Evaluation of Human Anti IgG Polyclonal Antibody Production Conjugated with Peroxidase in Egg Yolk.

BACKGROUND: Egg yolk is a rich and accessible source of yolk immunoglobulin (Y immunoglobulin). Presently, polyclonal antibodies from mammalian sources are used for diagnosis. Antibody production from egg yolk gives a higher yield and turnover than that from lab animals, and invasive methods such as phlebotomy and causing stress to the animals are not required.

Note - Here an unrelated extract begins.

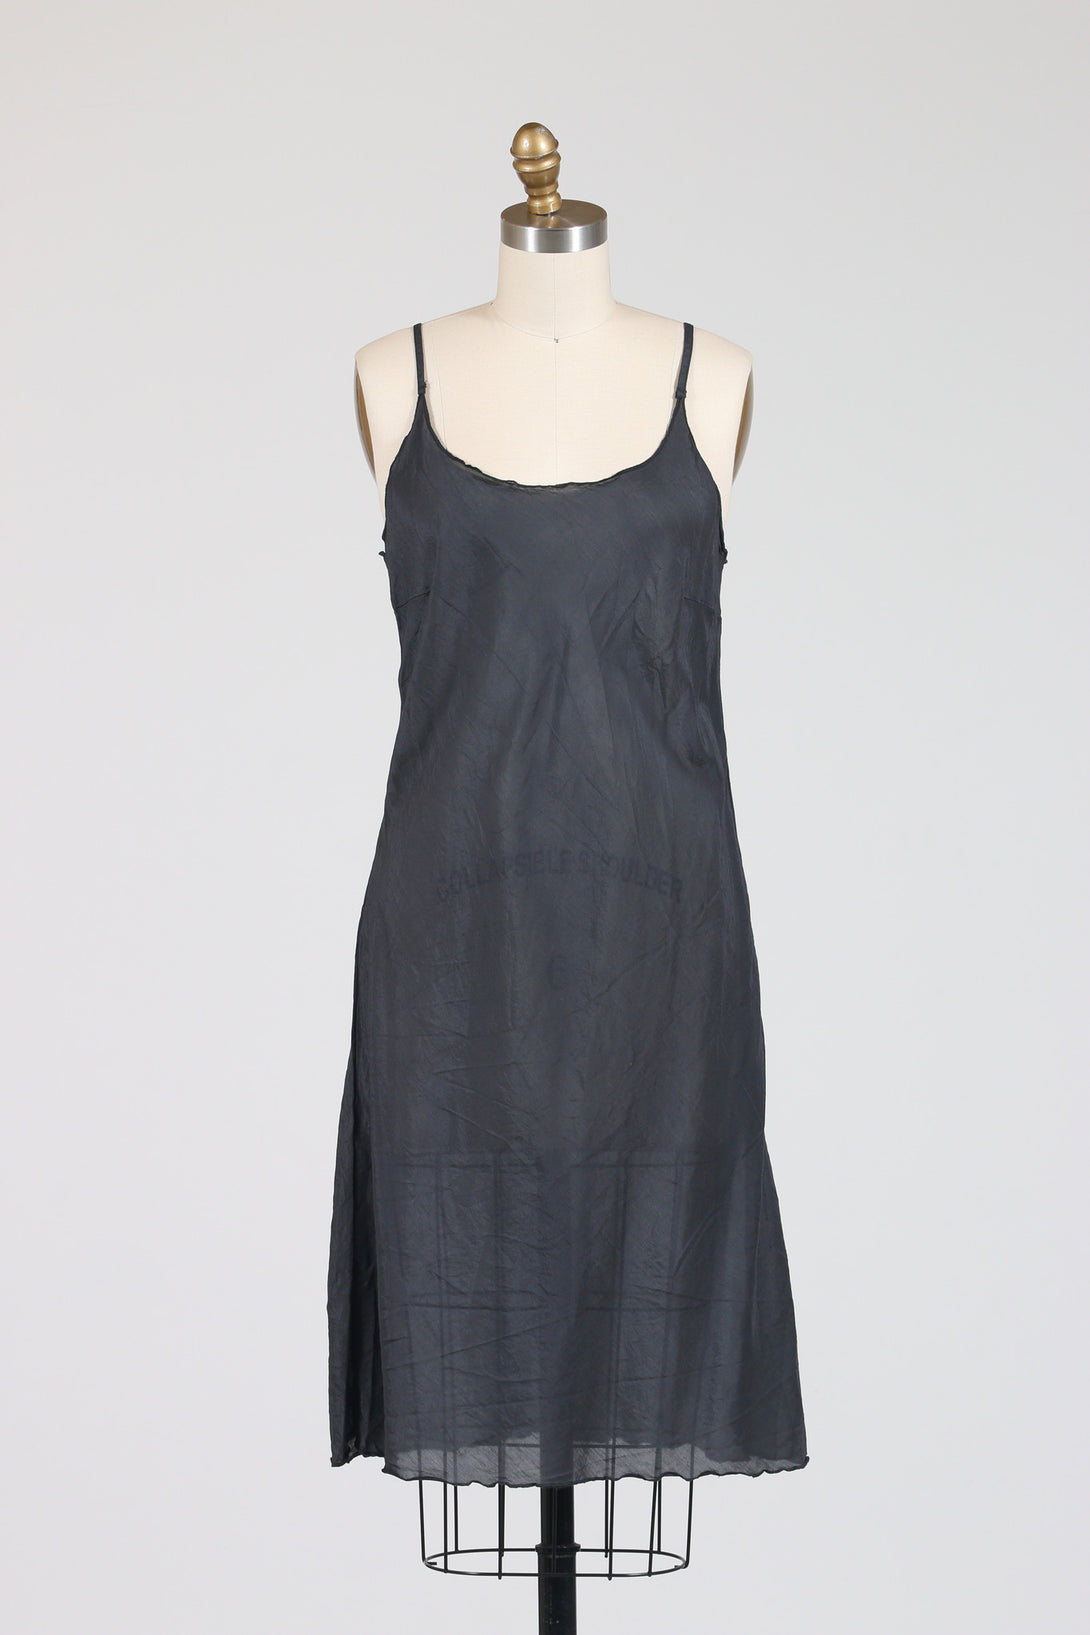 CP Shades Faye Slip is a slip dress made out of bias cut cotton-silk.
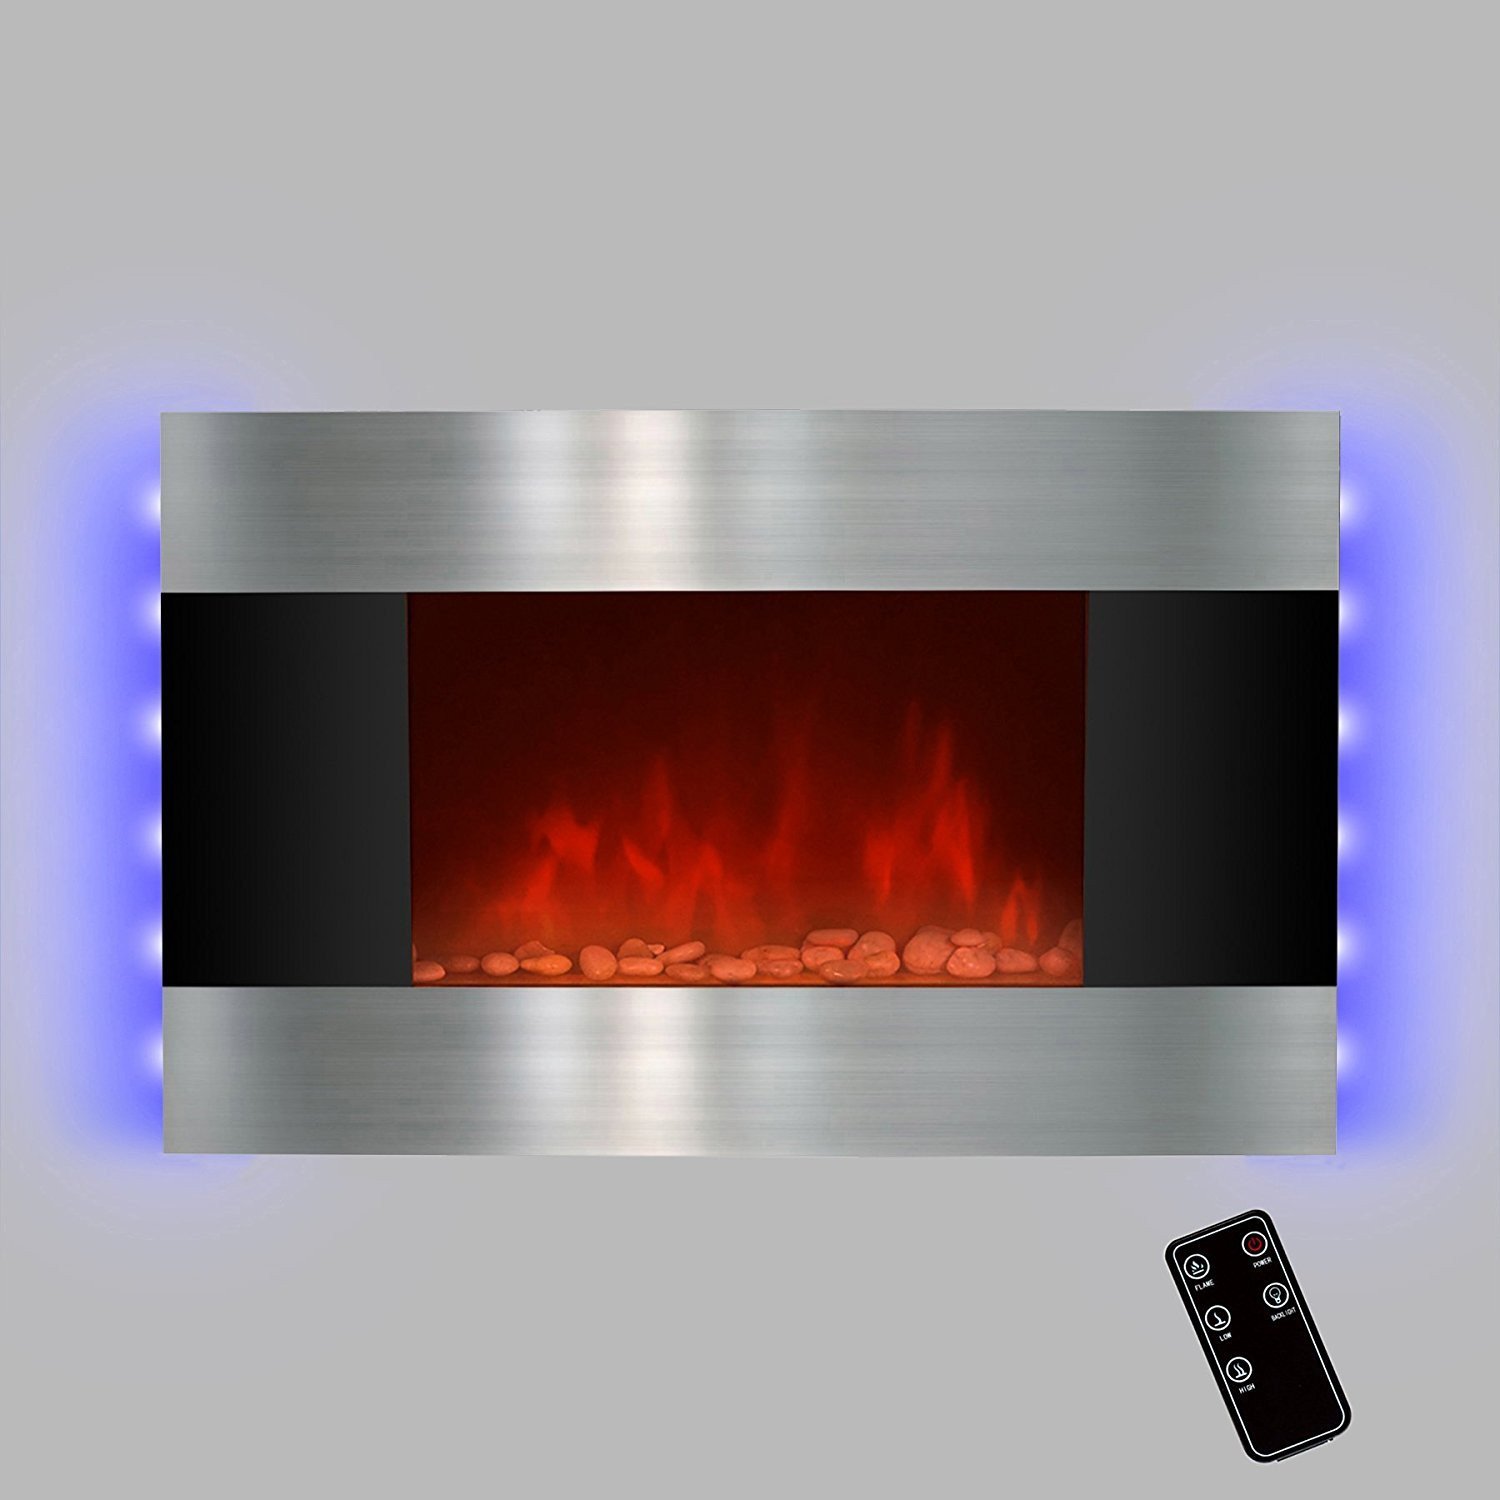 Magic Flame Electric Fireplace Beautiful Led Backlit 36" Stainless Steel Wall Mount Heater Fireplace

Due to the issues regarding mammalian antibodies, we aimed to evaluate the human anti-IgG polyclonal antibody production conjugated with peroxidase in egg yolk. METHODS: Population of laying hens reared in Agriculture/Isfahan University of Technology were used in 2017. After immunizing hen against pure human IgG, specific IgY (yolk immunoglobulin) was purified from the yolk by sedimentation with polyethylene glycol (PEG6000). To assess the molecular weight and activity of the product, SDS-PAGE and ELISA-test were used, respectively. RESULTS: The complete molecular weight of IgY was 180 kDa and the molecular weight of its light and heavy chains were 27 and 67 kDa, respectively. CONCLUSION: Antihuman IgG IgY had a purity above 90%. The product of this study can be used to measure IgG class antibodies in order to diagnose different diseases.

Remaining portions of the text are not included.